What you should do
Transcribe the entries below word for word, beginning at the line with "صفحه اصلی روزنامه نسیم شماره 2188" and stopping after the line with "Buckle Detailed Mini Short Skirt Black"; drop all pictures.

Listed records
>>>

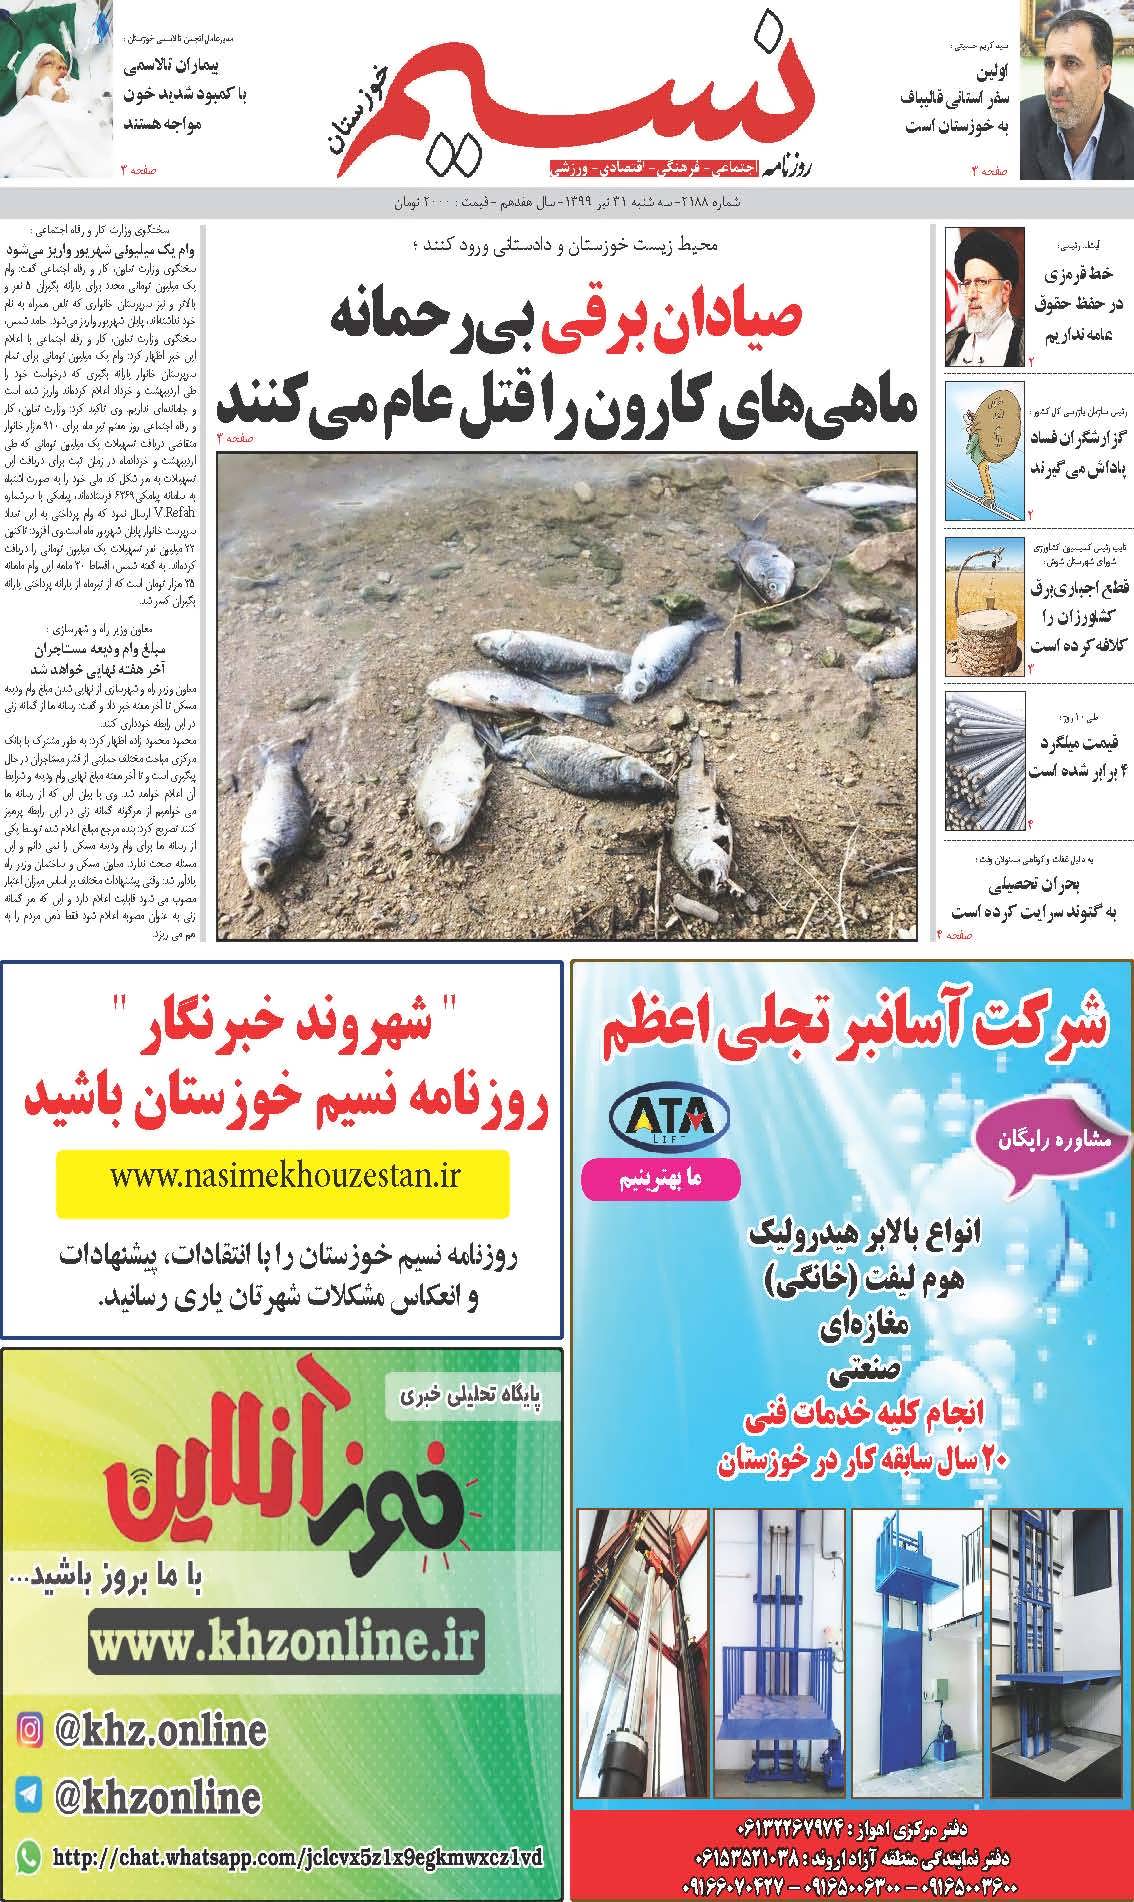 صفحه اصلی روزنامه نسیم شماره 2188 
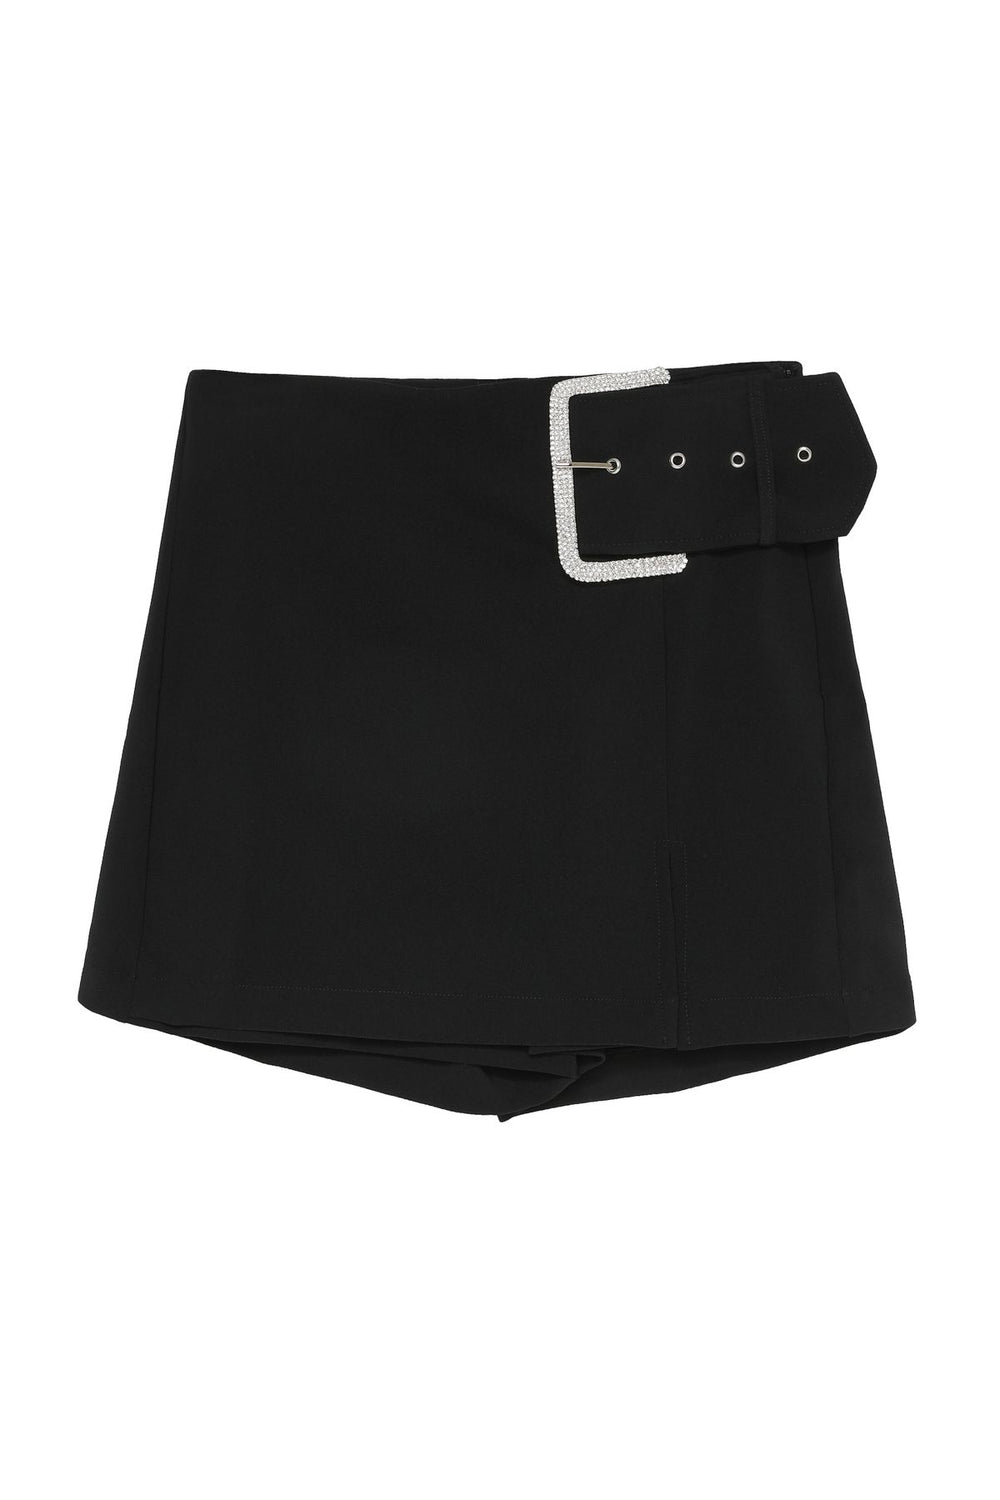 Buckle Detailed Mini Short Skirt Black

<<<
>>>

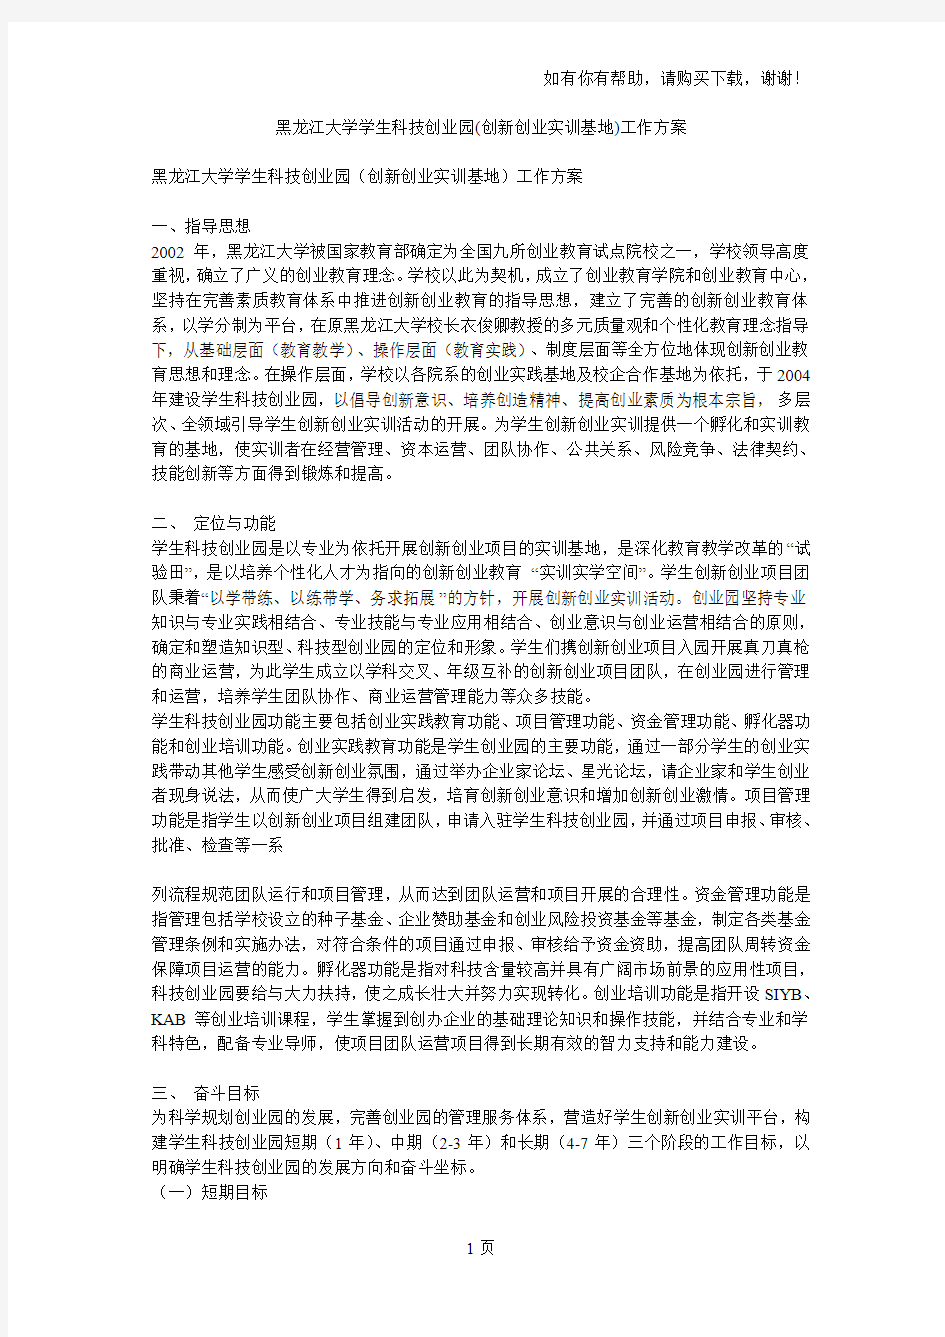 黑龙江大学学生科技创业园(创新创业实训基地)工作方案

<<<
>>>

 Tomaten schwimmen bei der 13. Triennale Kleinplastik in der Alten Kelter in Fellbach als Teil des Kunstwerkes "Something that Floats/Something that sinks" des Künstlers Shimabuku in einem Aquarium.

<<<

Answer for the task
 صفحه اصلی روزنامه نسیم شماره 2188 
 Buckle Detailed Mini Short Skirt Black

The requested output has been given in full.